PROVIDED INFORMATION section start

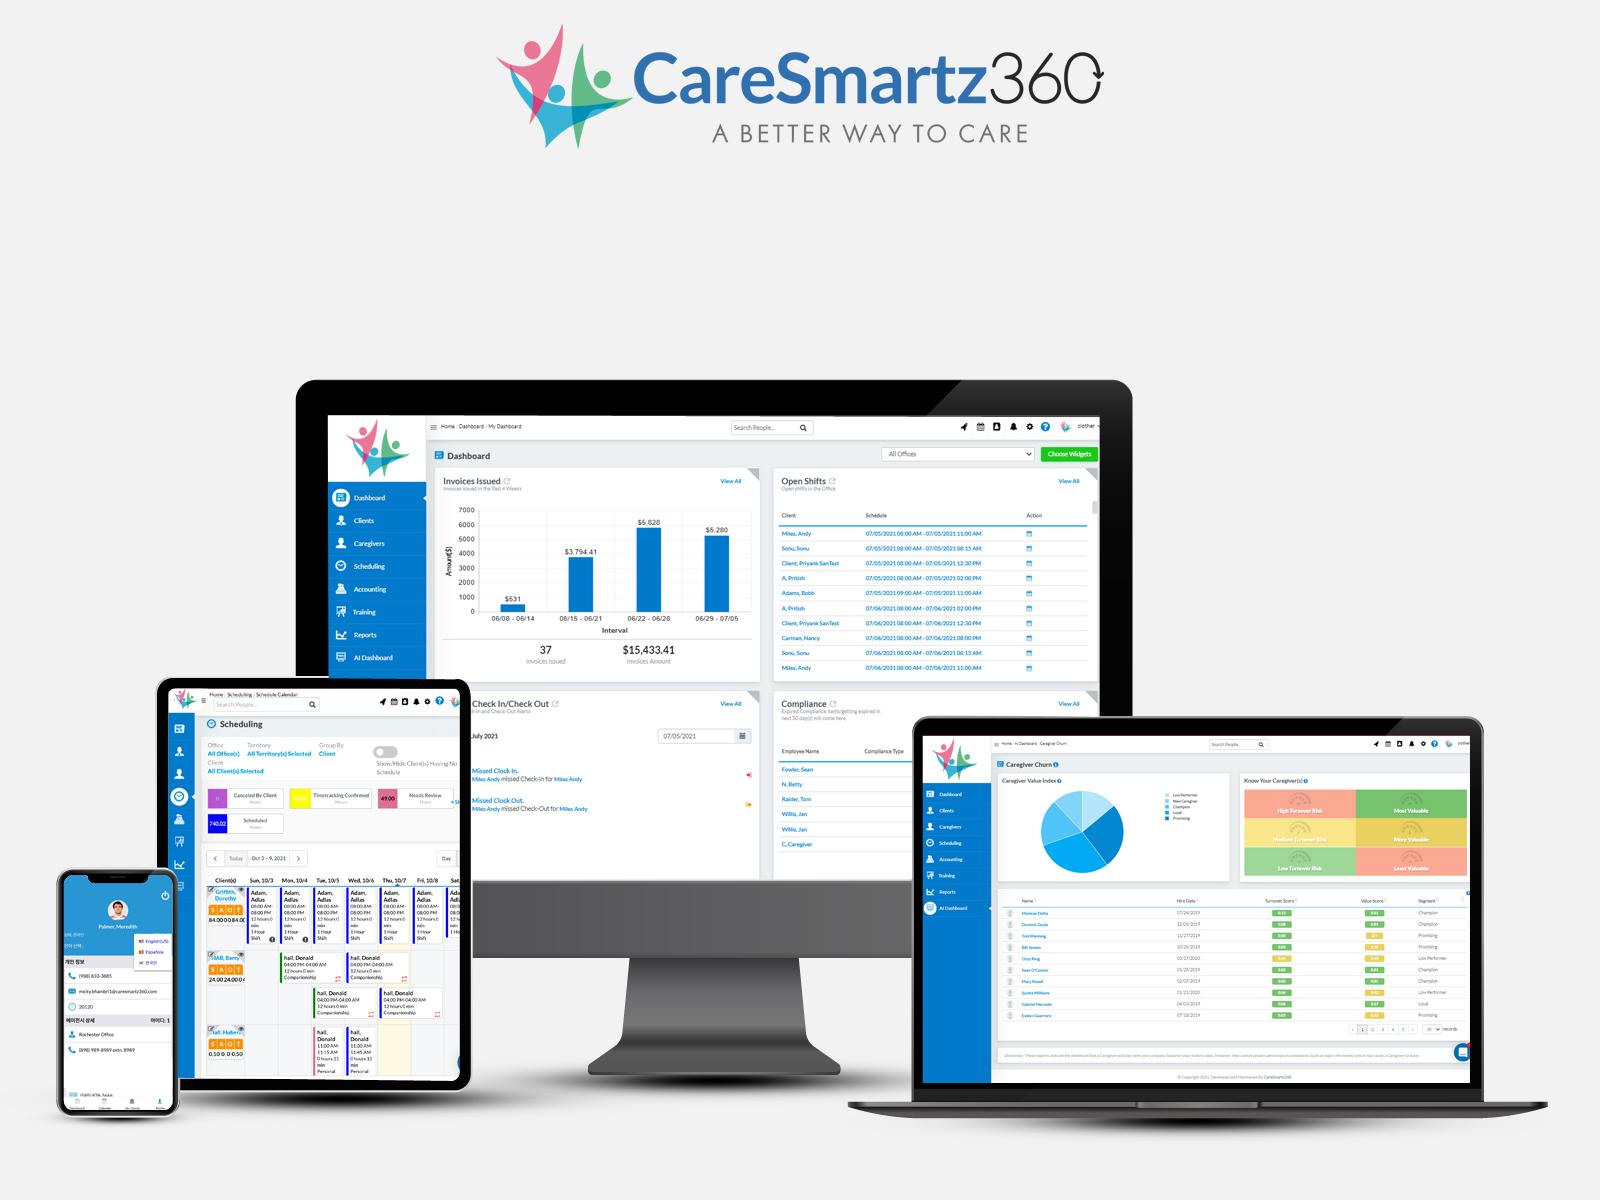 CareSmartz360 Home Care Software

PROVIDED INFORMATION section end
PROVIDED INFORMATION section start

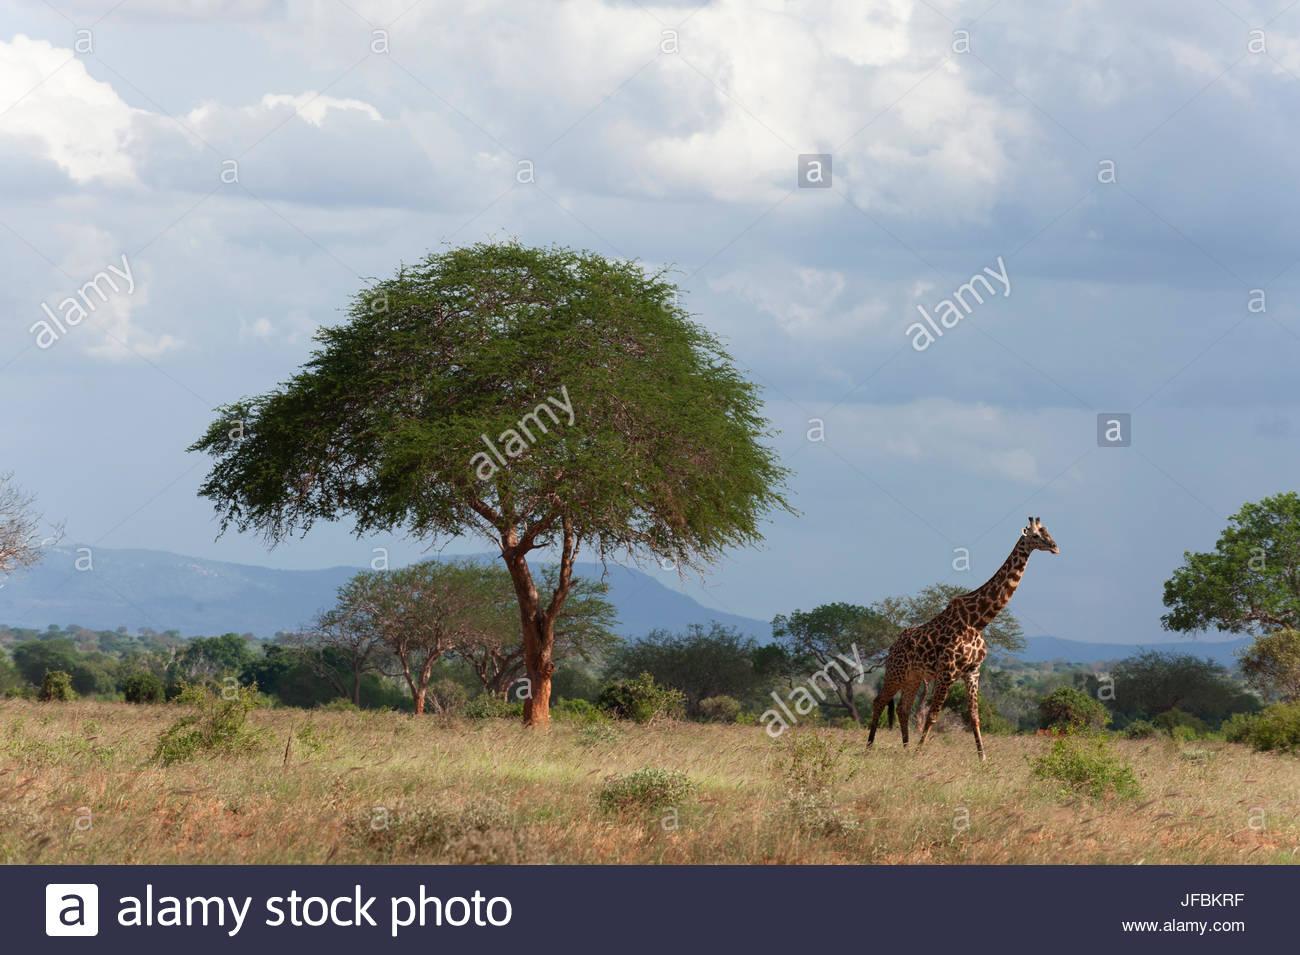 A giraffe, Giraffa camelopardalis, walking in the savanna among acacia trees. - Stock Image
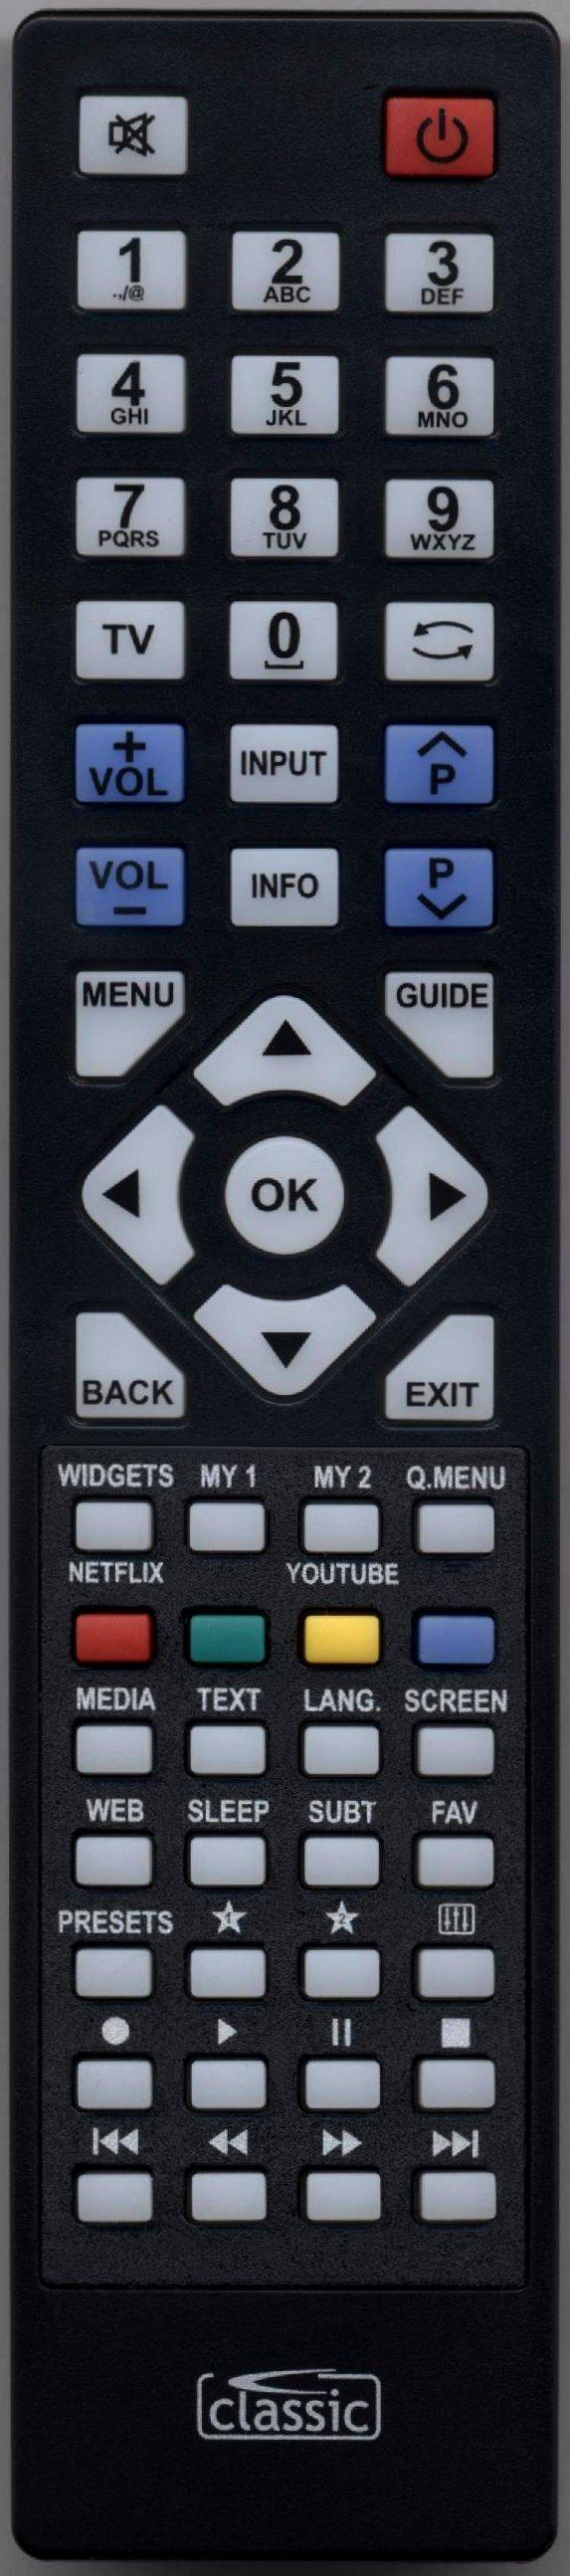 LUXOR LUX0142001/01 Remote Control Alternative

PROVIDED INFORMATION section end
PROVIDED INFORMATION section start

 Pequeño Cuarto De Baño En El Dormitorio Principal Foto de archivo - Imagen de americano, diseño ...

PROVIDED INFORMATION section end

- **YOUR GOAL**
Exactly as written above, retype the lines starting at the one holding "A giraffe, Giraffa" and ending at the one holding "LUXOR LUX0142001/01 Remote", both included, but not the pictures.

- **TASK ANSWER**
 A giraffe, Giraffa camelopardalis, walking in the savanna among acacia trees. - Stock Image
 LUXOR LUX0142001/01 Remote Control Alternative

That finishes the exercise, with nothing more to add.